Start of Dataset extract
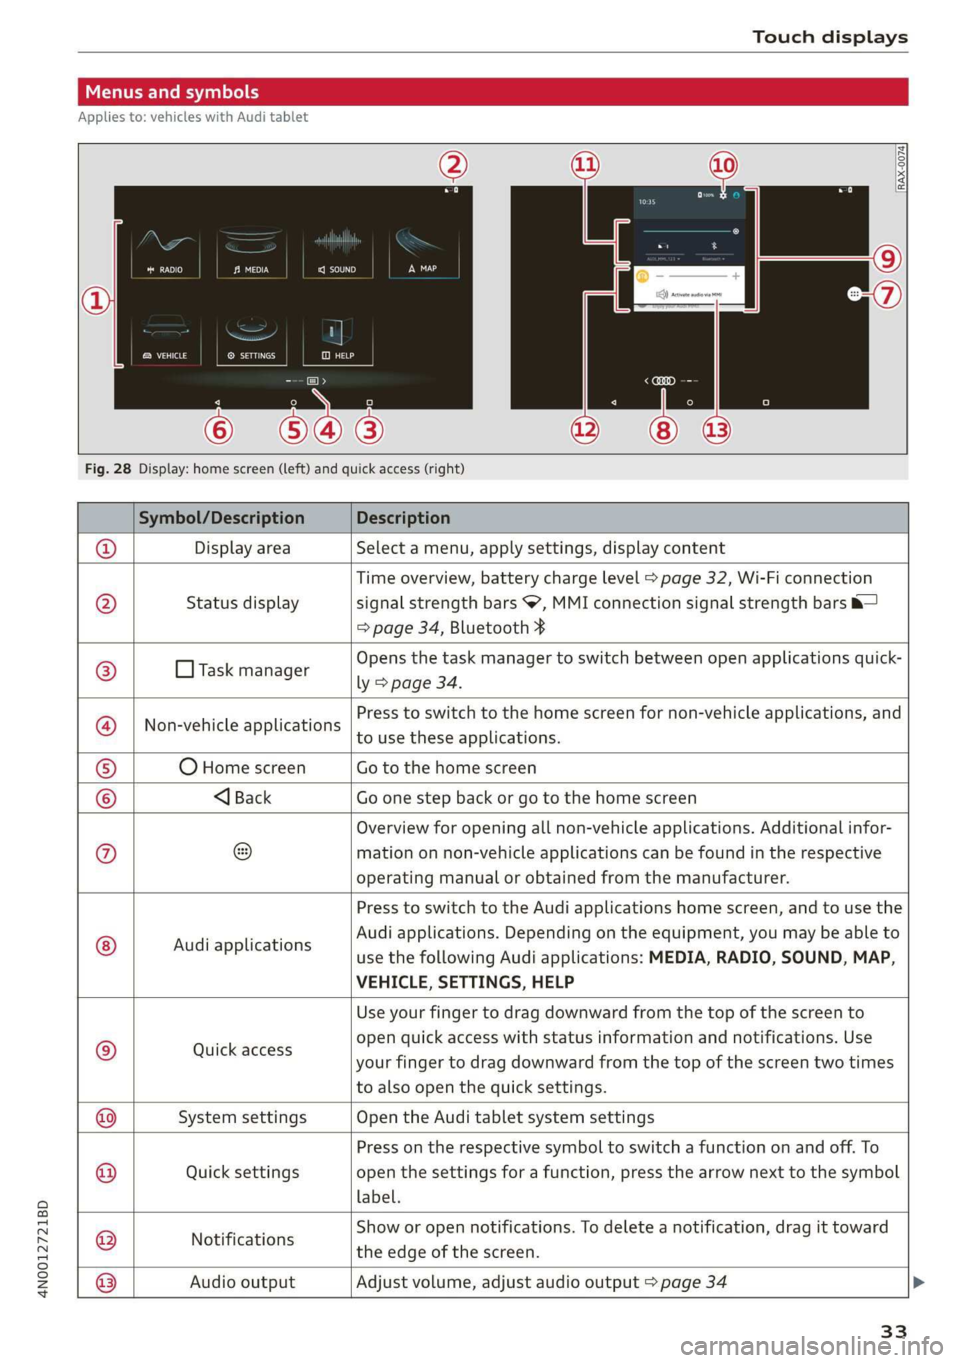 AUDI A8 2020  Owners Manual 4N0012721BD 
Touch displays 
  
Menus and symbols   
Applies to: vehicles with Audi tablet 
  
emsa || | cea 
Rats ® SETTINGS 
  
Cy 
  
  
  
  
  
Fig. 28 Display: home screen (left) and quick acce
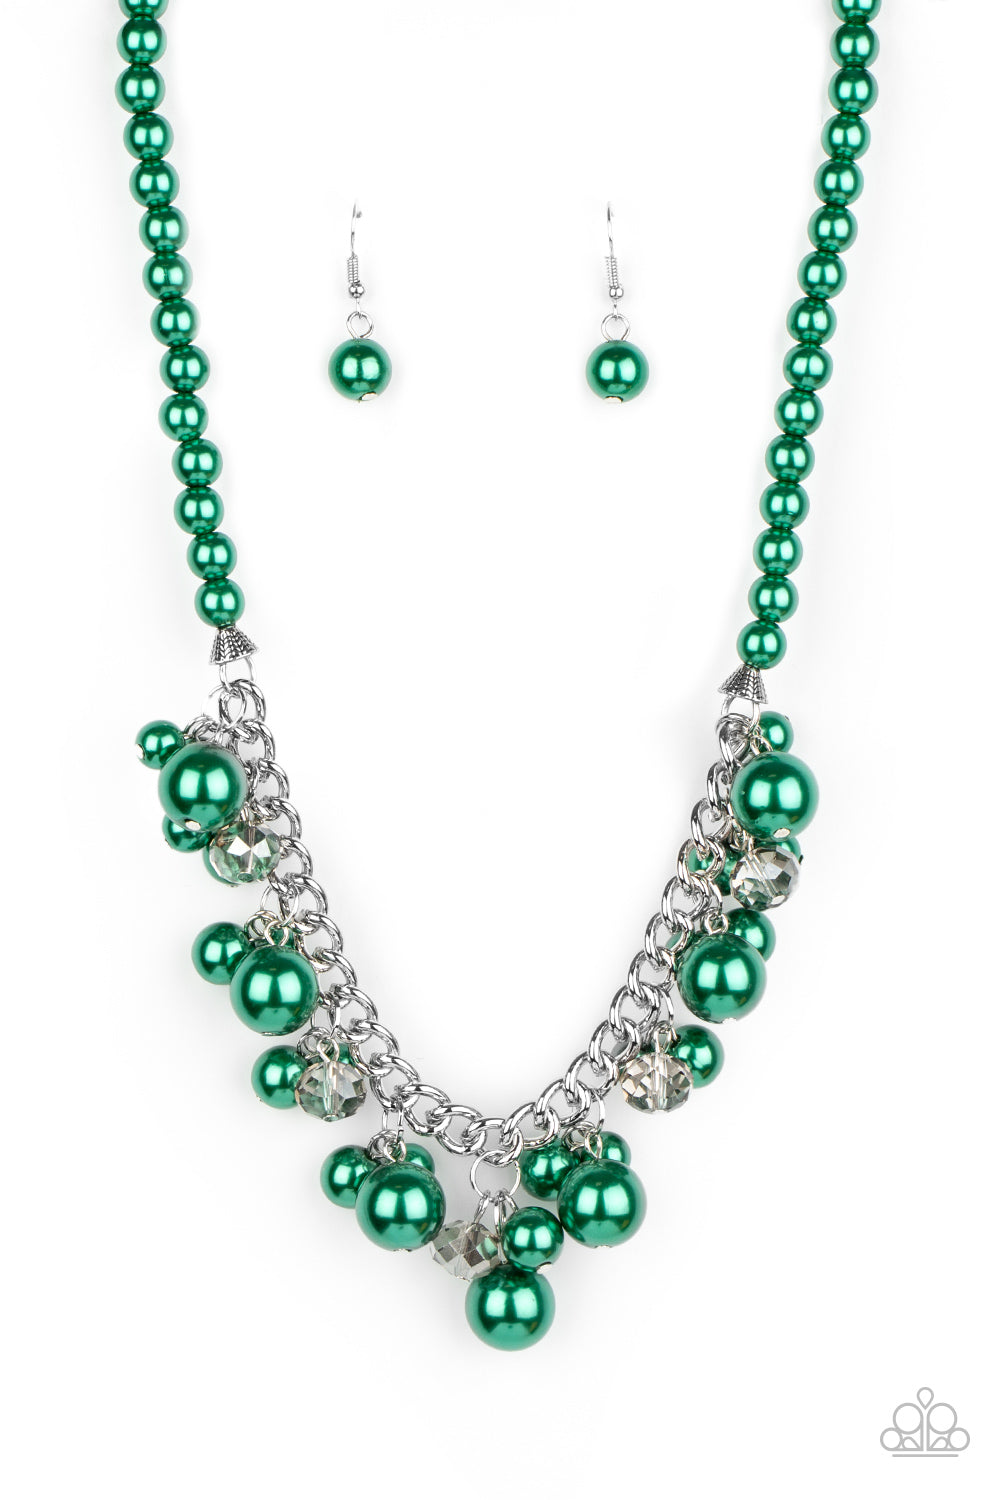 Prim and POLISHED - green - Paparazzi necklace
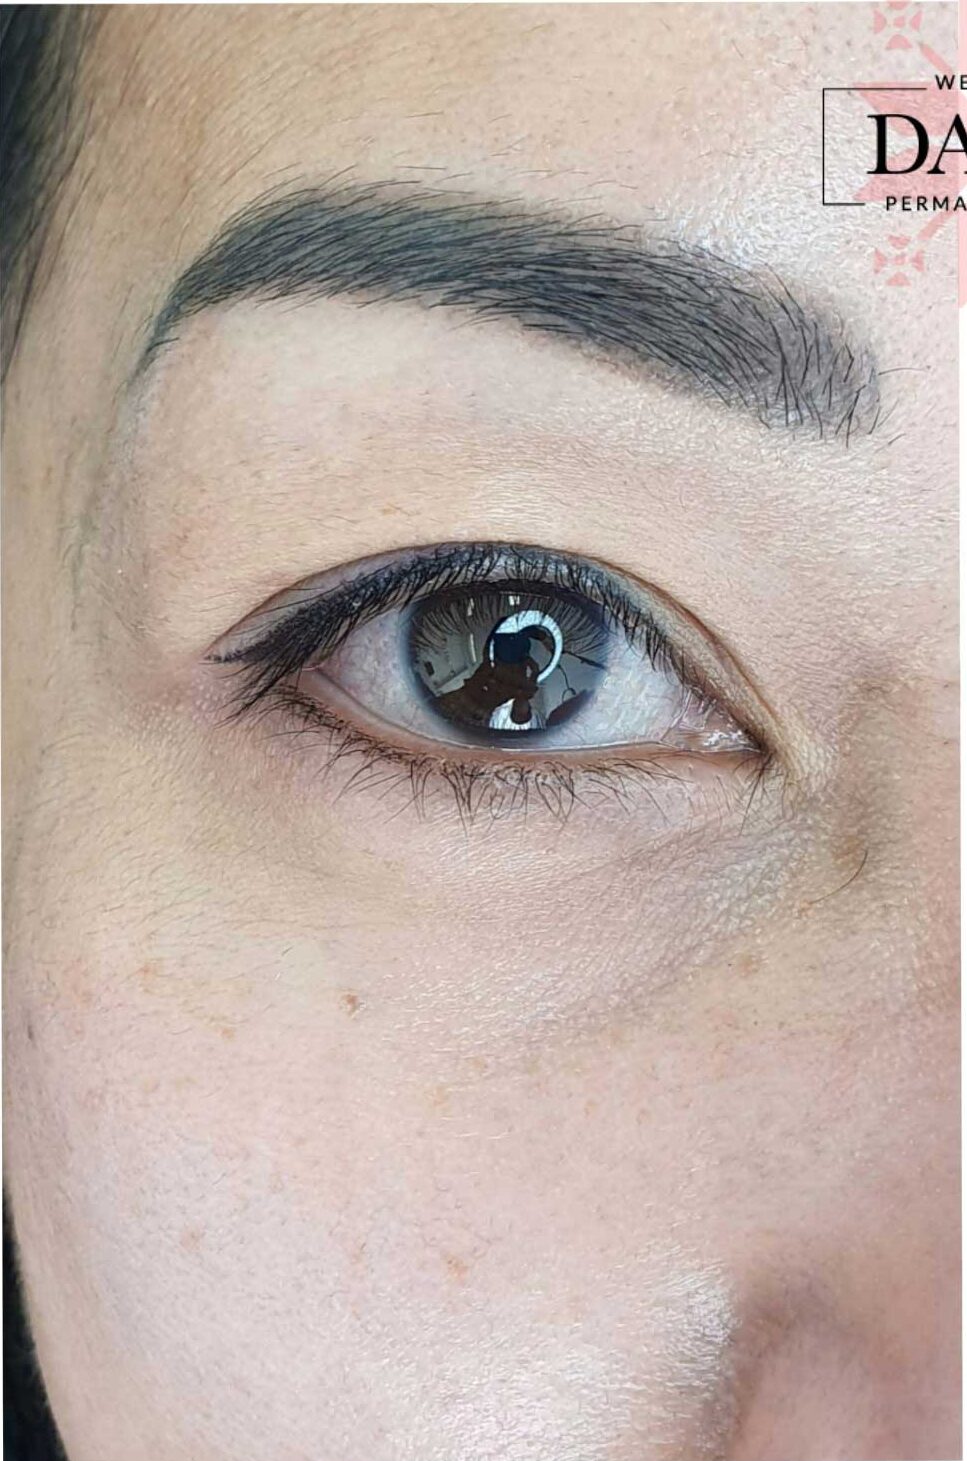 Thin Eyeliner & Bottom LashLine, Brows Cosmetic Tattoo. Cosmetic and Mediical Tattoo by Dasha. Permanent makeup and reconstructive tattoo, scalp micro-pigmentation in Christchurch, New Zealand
End of Dataset extract
Start of Dataset extract
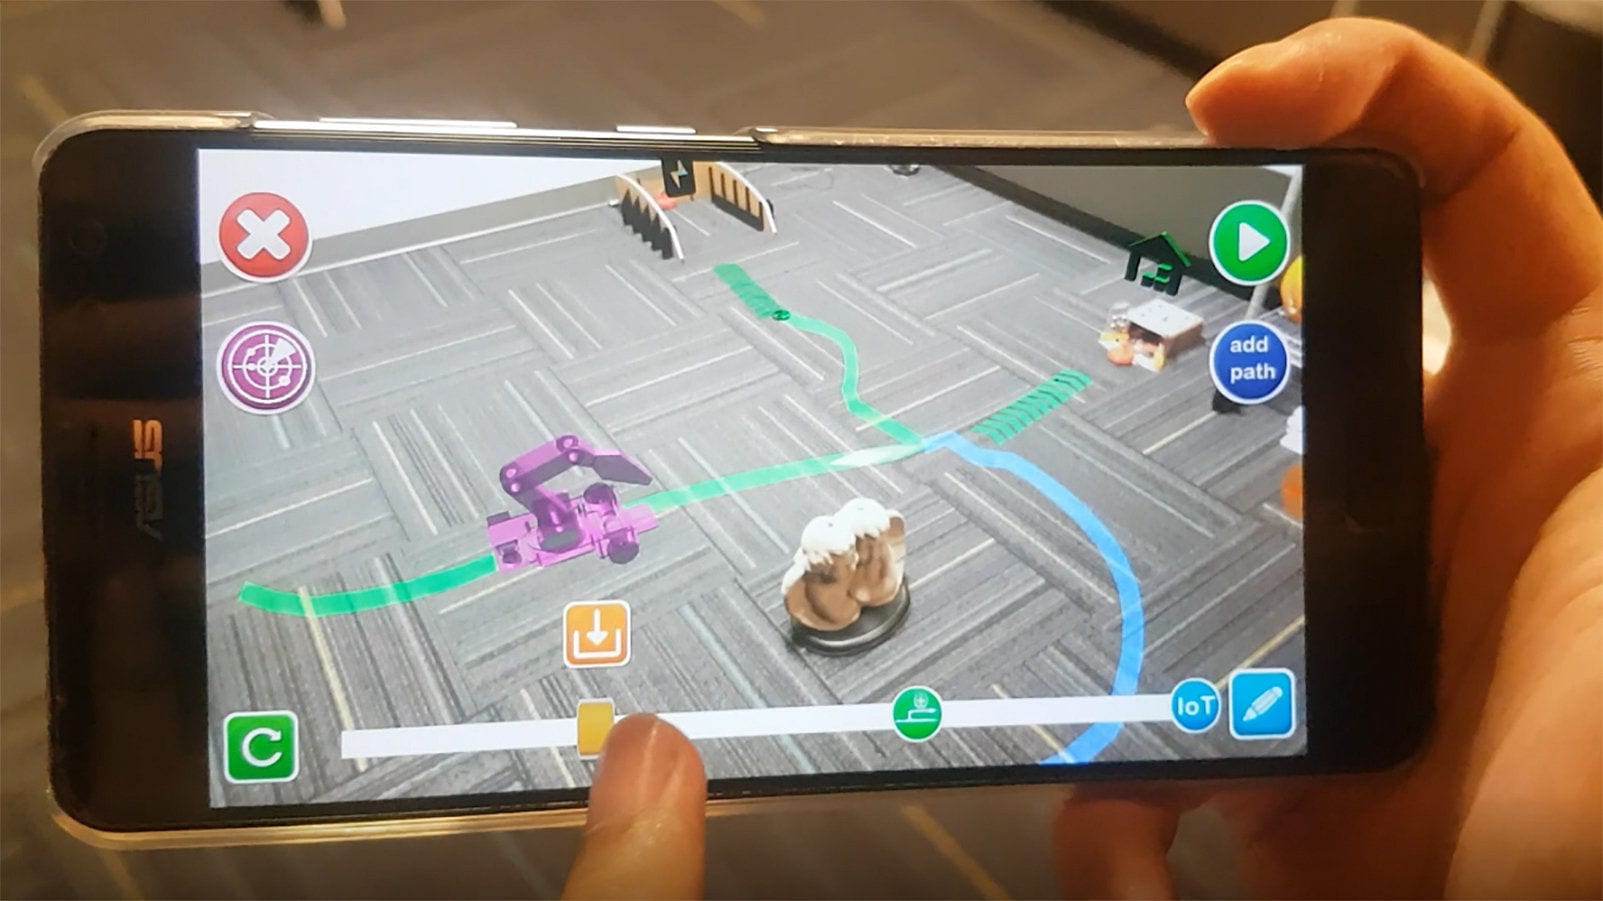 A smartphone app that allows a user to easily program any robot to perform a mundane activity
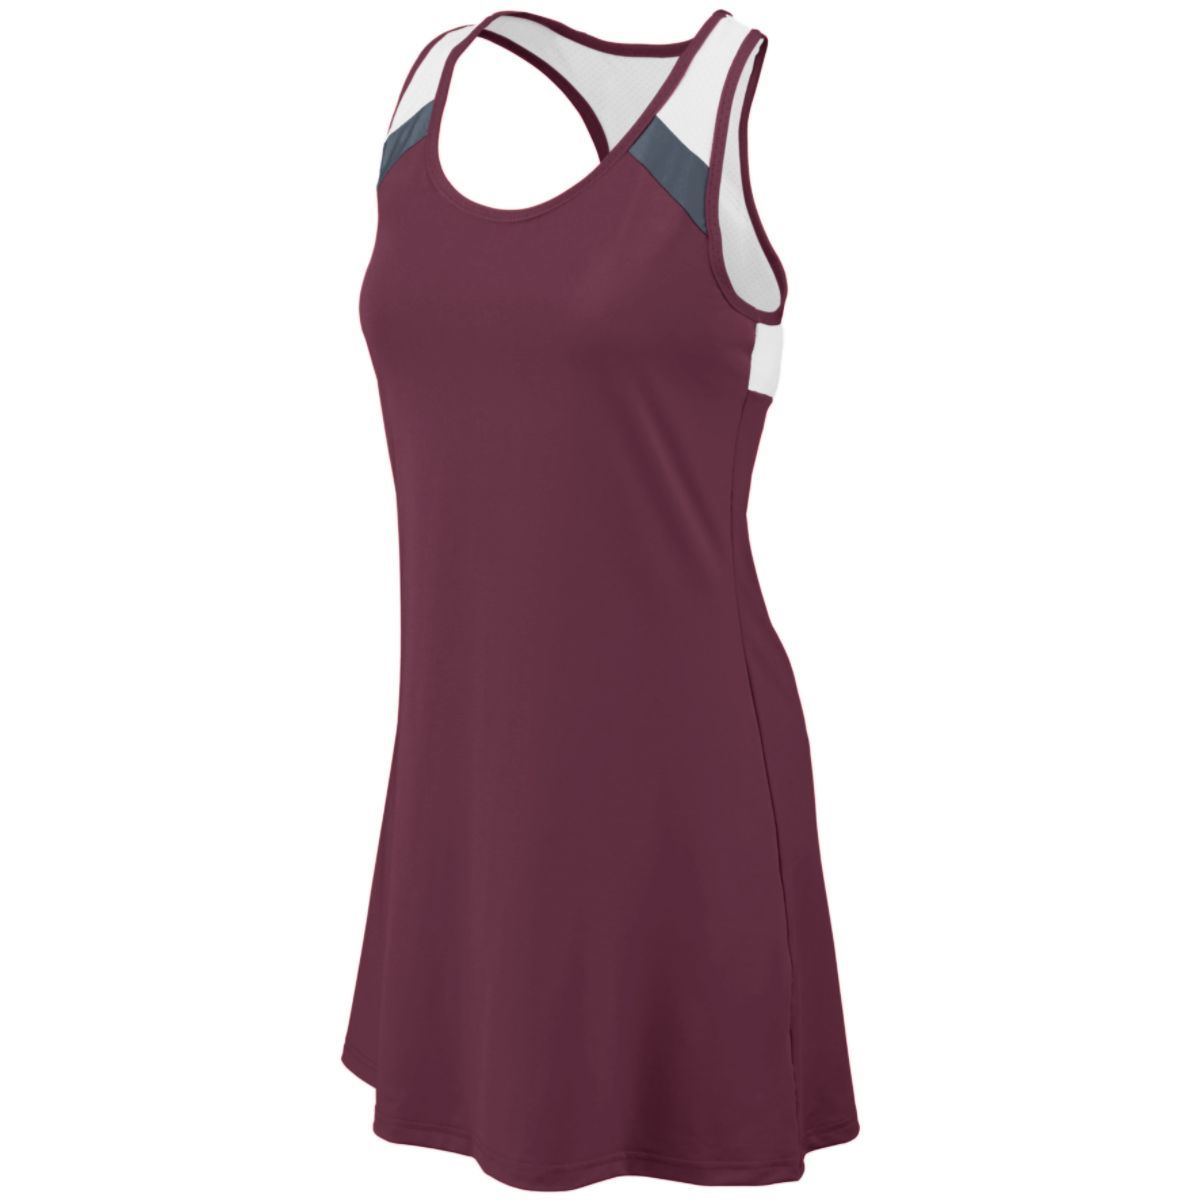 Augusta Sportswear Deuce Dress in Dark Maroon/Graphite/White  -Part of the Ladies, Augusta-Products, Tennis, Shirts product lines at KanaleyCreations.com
End of Dataset extract
Start of Dataset extract
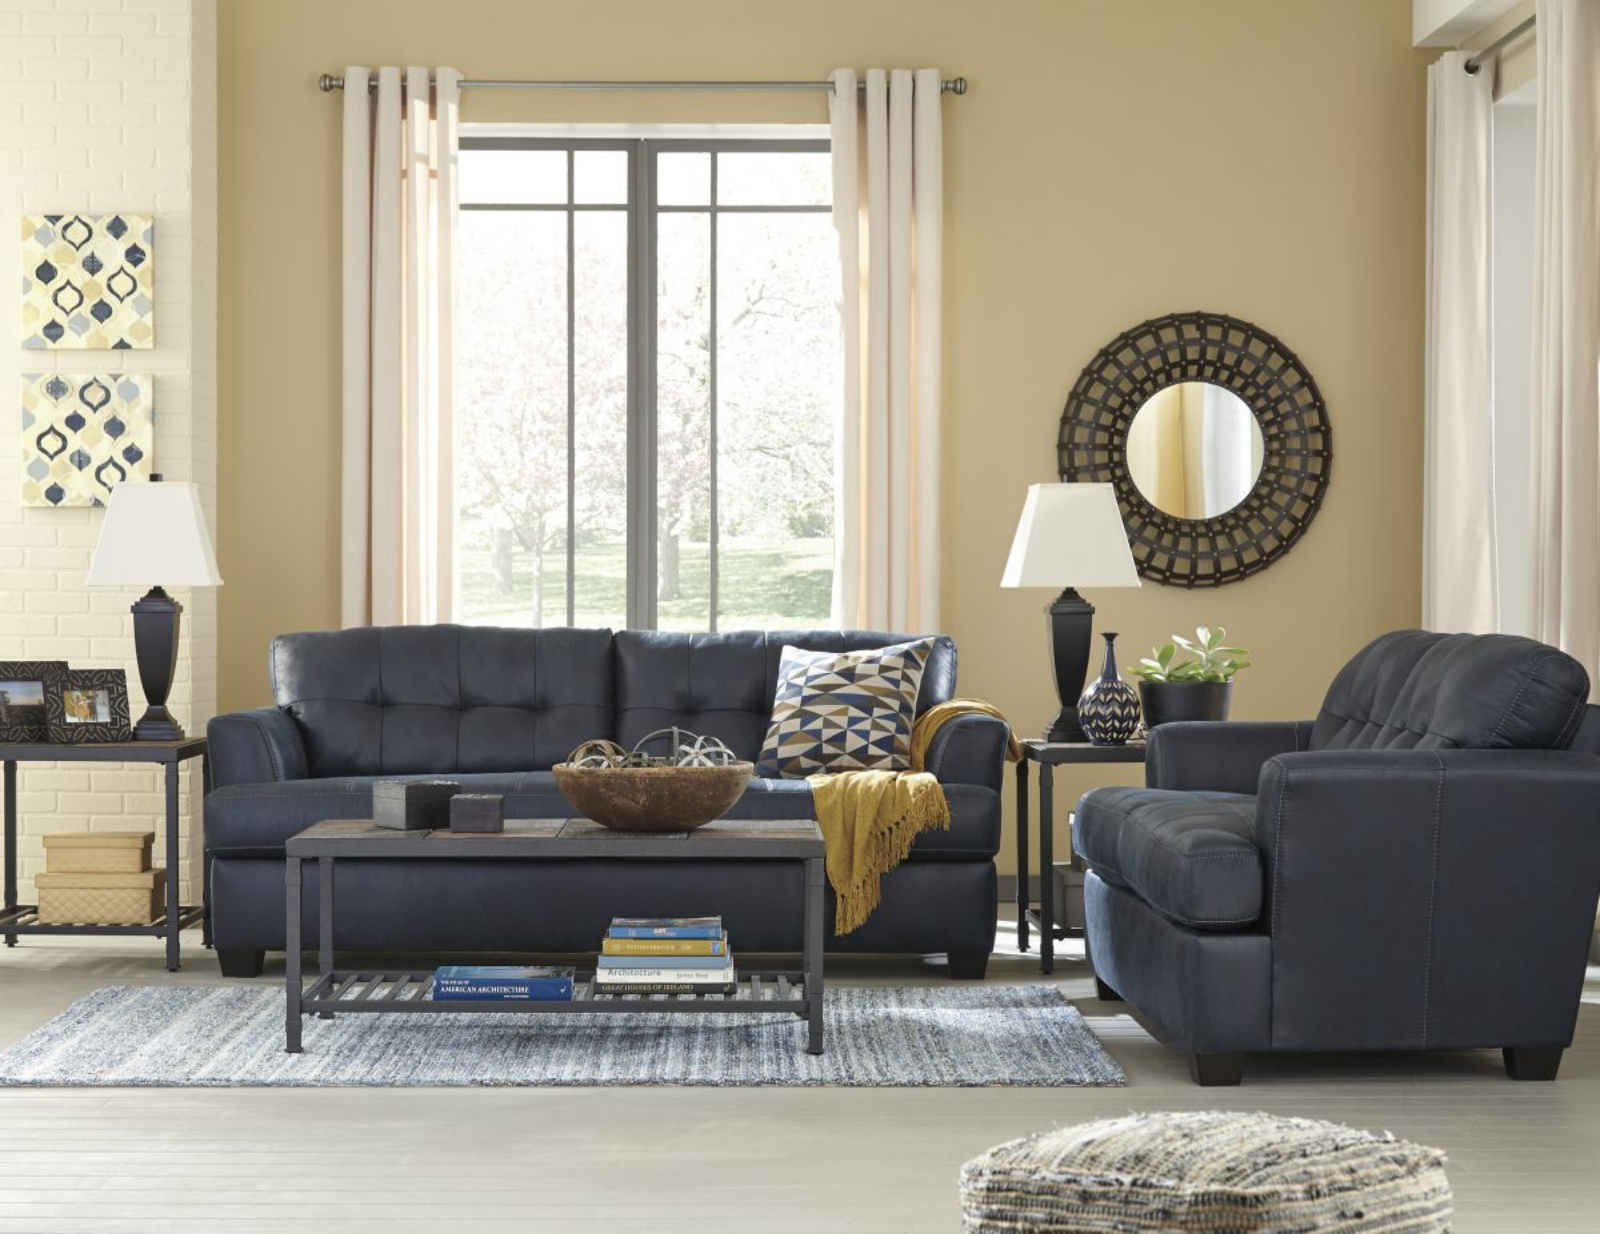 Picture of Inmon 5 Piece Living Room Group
End of Dataset extract
Each line from the one that contains "AUDI A8 2020" down to the one that contains "Thin Eyeliner &" is to be returned exactly as it stands above, both ends included, with pictures removed.

 AUDI A8 2020  Owners Manual 4N0012721BD 
Touch displays 
  
Menus and symbols   
Applies to: vehicles with Audi tablet 
  
emsa || | cea 
Rats ® SETTINGS 
  
Cy 
  
  
  
  
  
Fig. 28 Display: home screen (left) and quick acce
 Prim and POLISHED - green - Paparazzi necklace
 Thin Eyeliner & Bottom LashLine, Brows Cosmetic Tattoo. Cosmetic and Mediical Tattoo by Dasha. Permanent makeup and reconstructive tattoo, scalp micro-pigmentation in Christchurch, New Zealand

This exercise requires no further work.